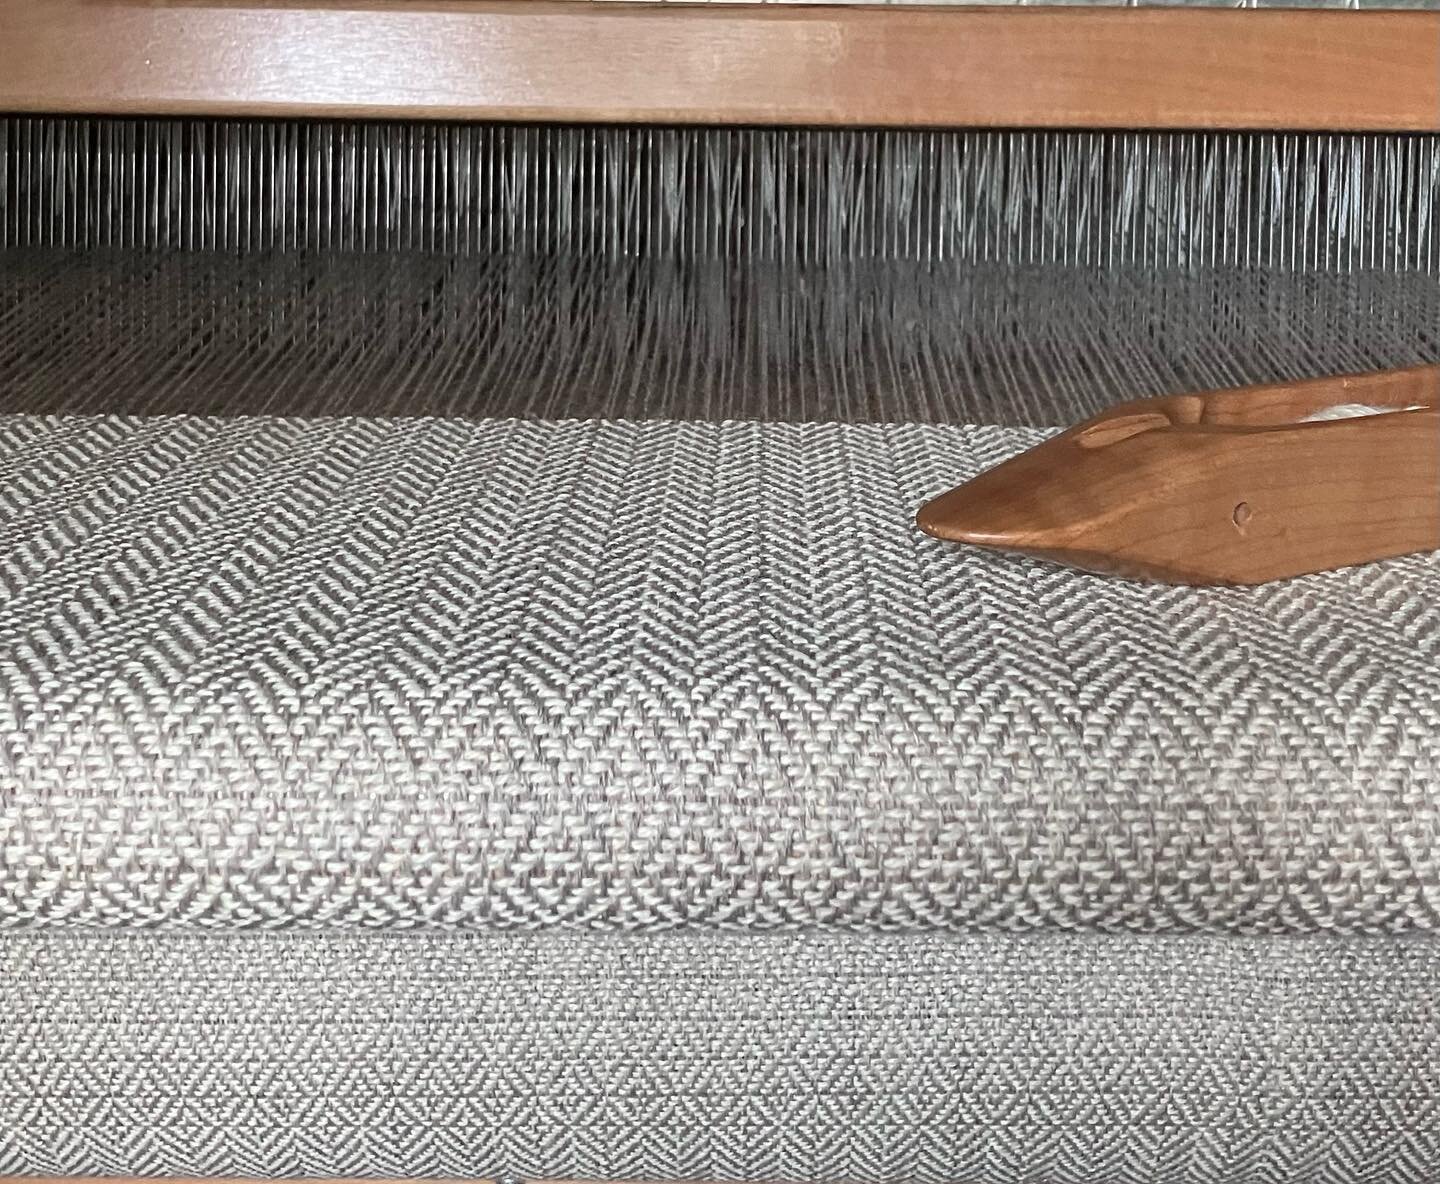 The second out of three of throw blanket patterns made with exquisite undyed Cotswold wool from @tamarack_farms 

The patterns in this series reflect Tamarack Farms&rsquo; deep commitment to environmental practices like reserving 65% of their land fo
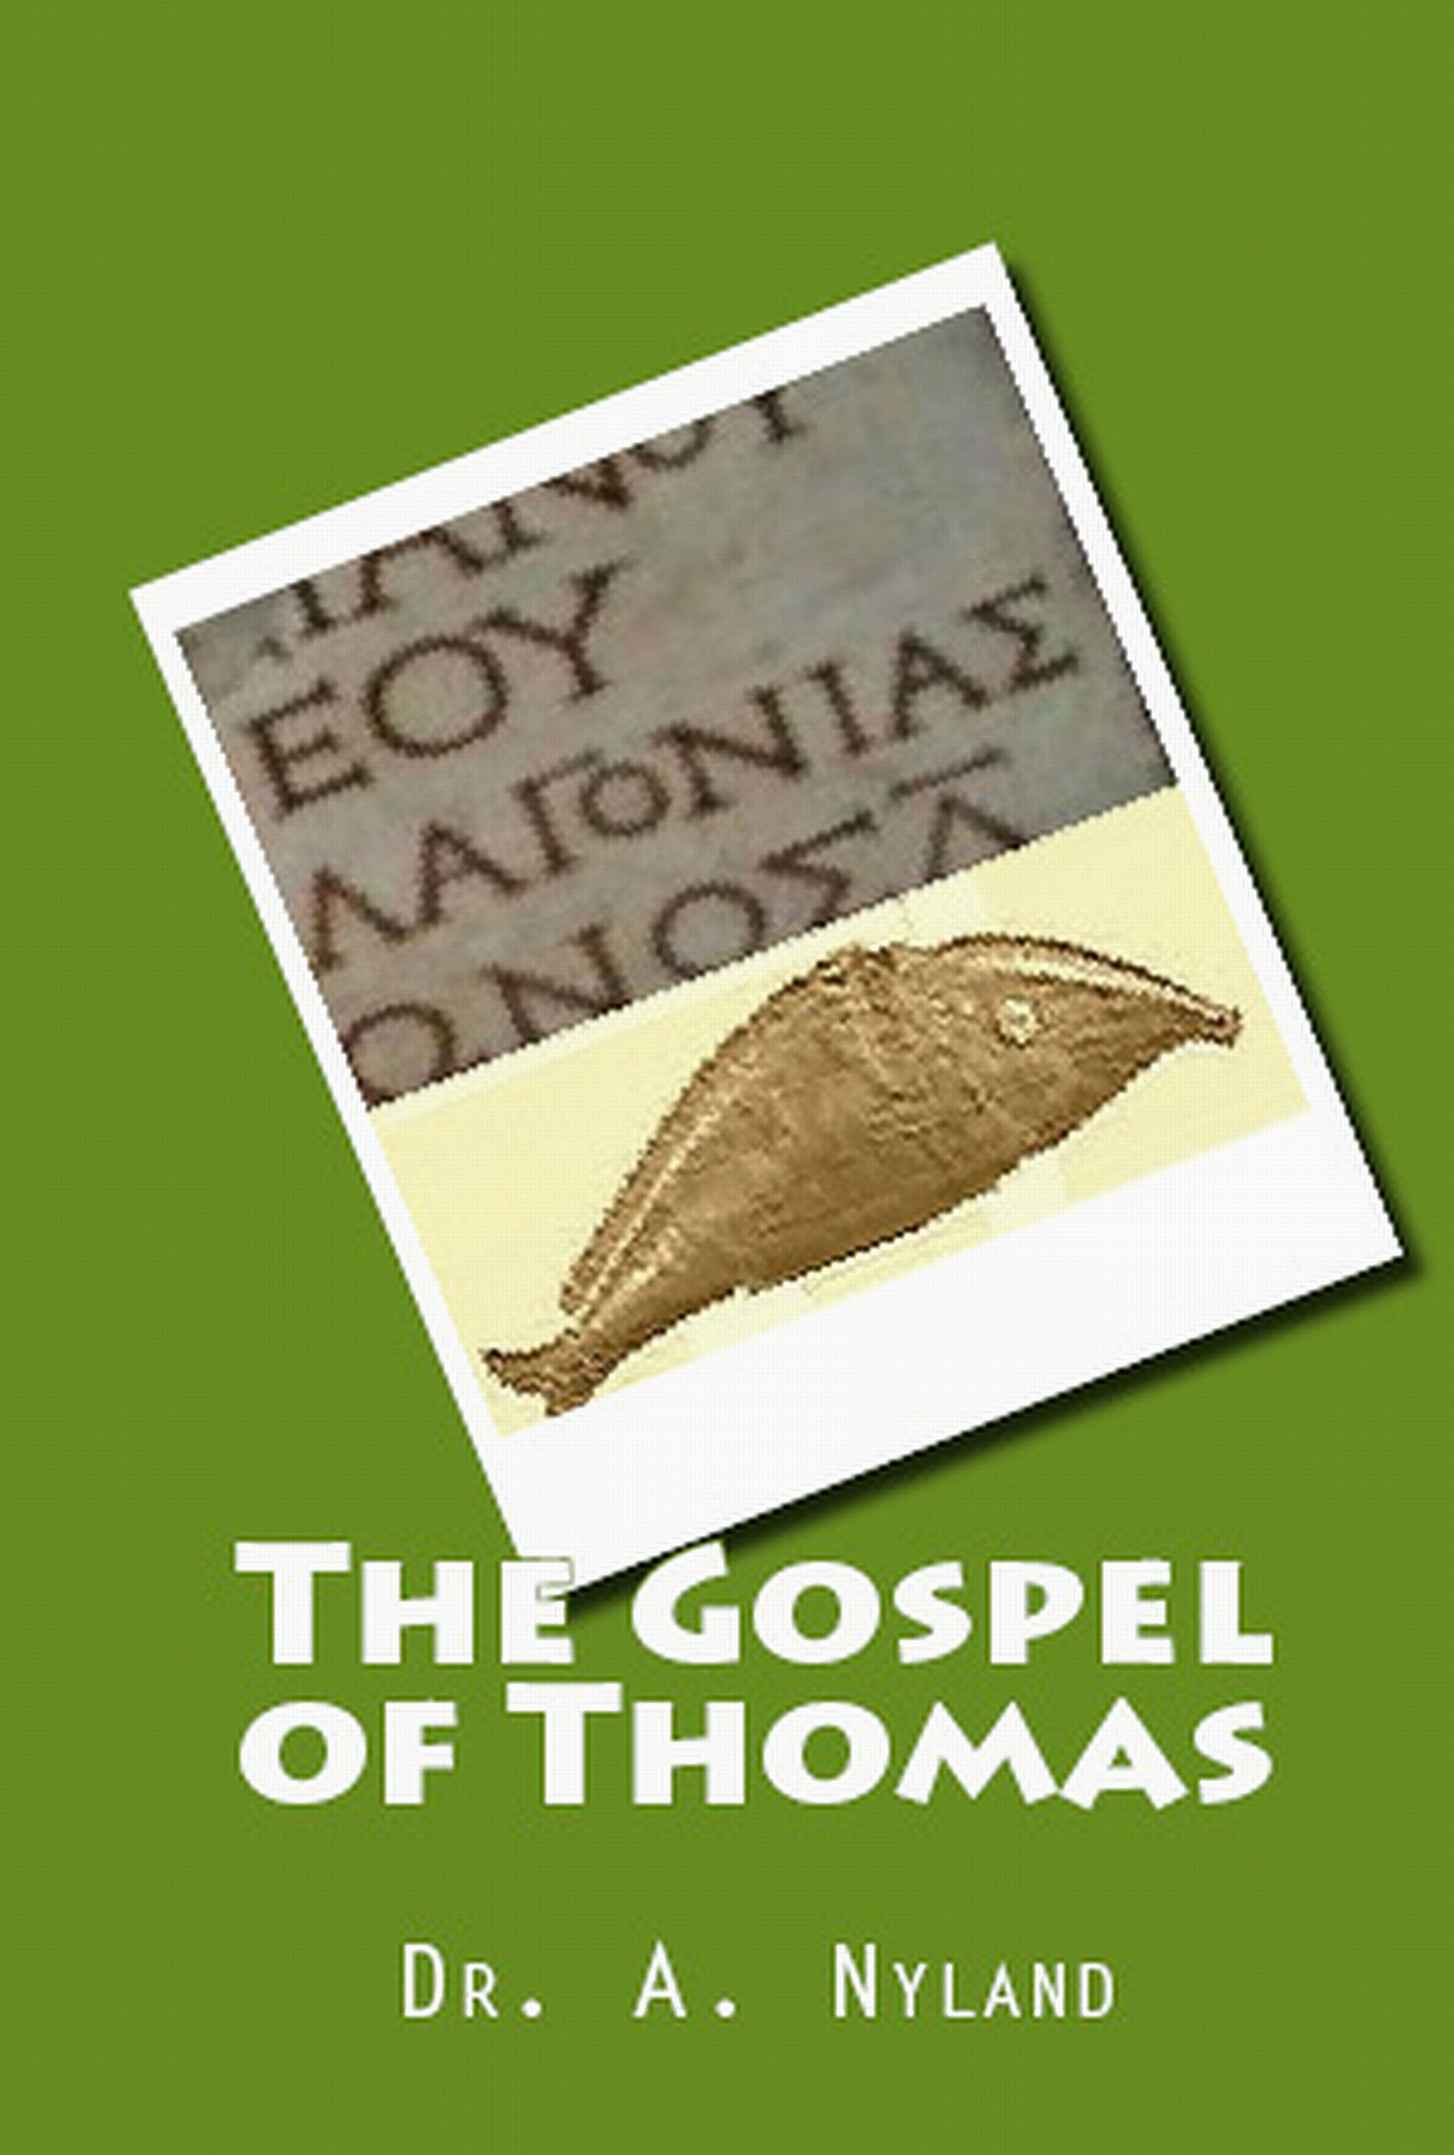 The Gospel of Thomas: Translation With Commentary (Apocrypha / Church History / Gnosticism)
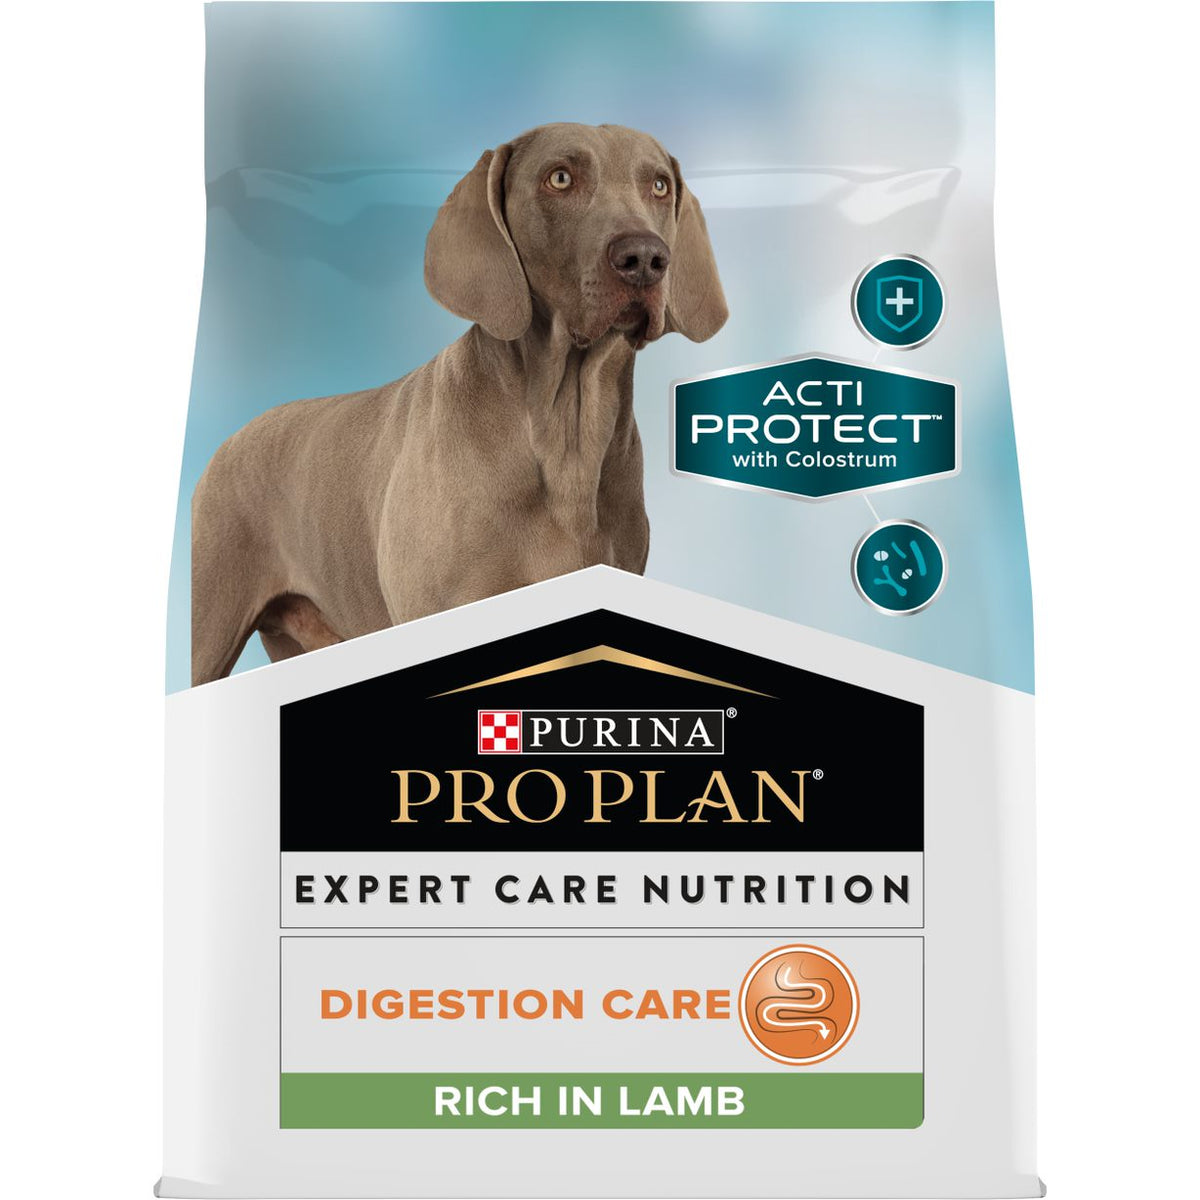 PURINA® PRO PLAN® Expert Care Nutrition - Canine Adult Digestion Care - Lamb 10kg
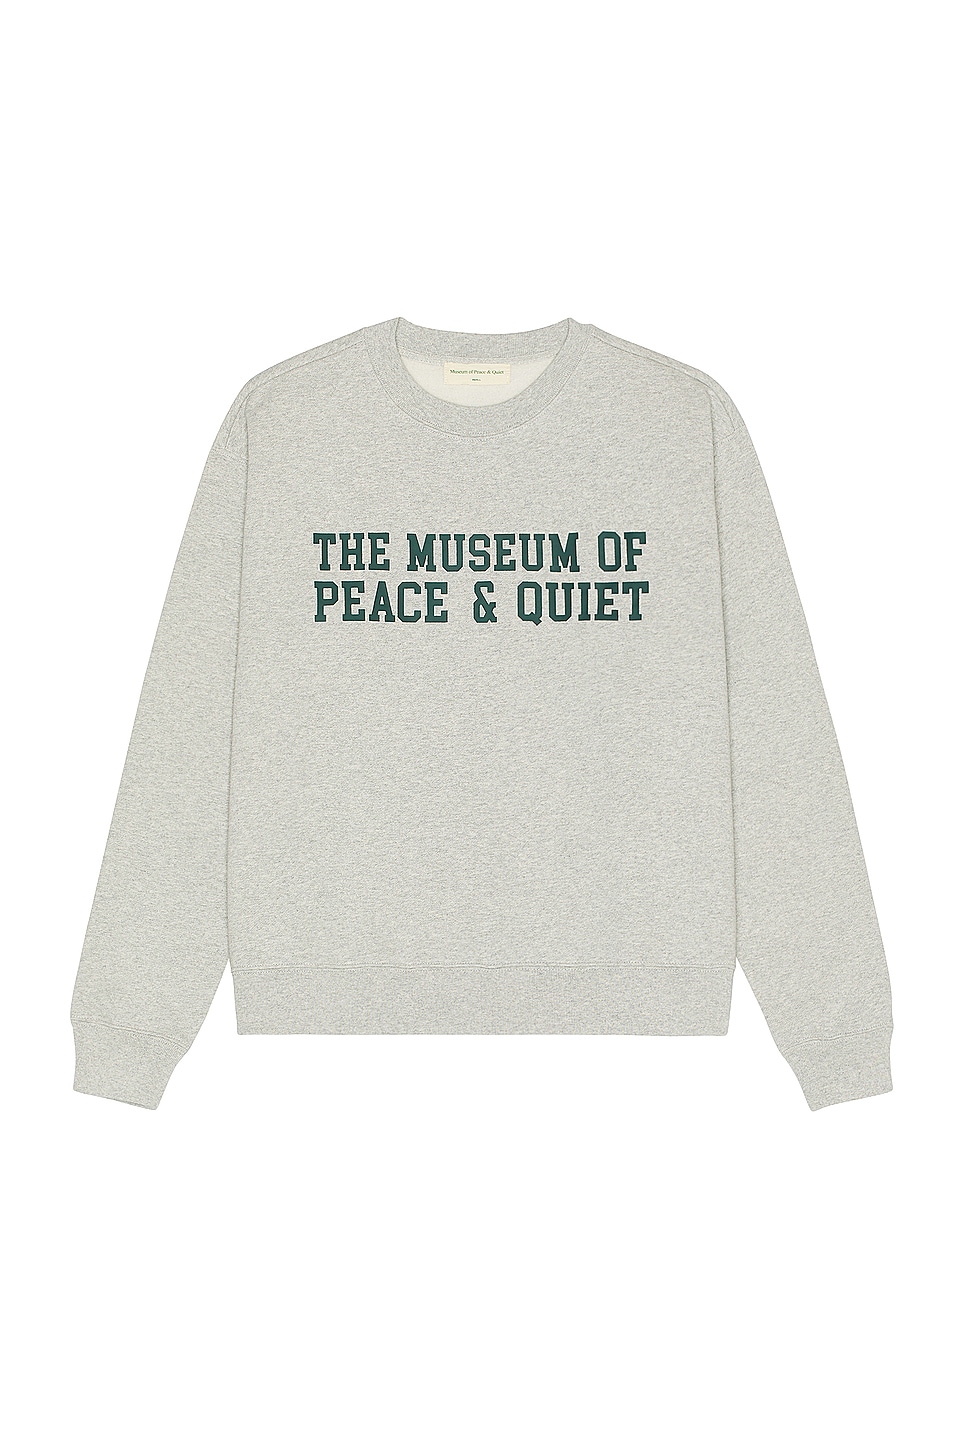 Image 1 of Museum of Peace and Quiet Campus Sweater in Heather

▬▬▬▬▬▬

TASK DIRECTIONS. The lines from the one containing "PURINA® PRO PLAN®" through the final line of the data are to be repeated exactly, with both ends included and all pictures left out.

TASK ANSWER.
 PURINA® PRO PLAN® Expert Care Nutrition - Canine Adult Digestion Care - Lamb 10kg
 Image 1 of Museum of Peace and Quiet Campus Sweater in Heather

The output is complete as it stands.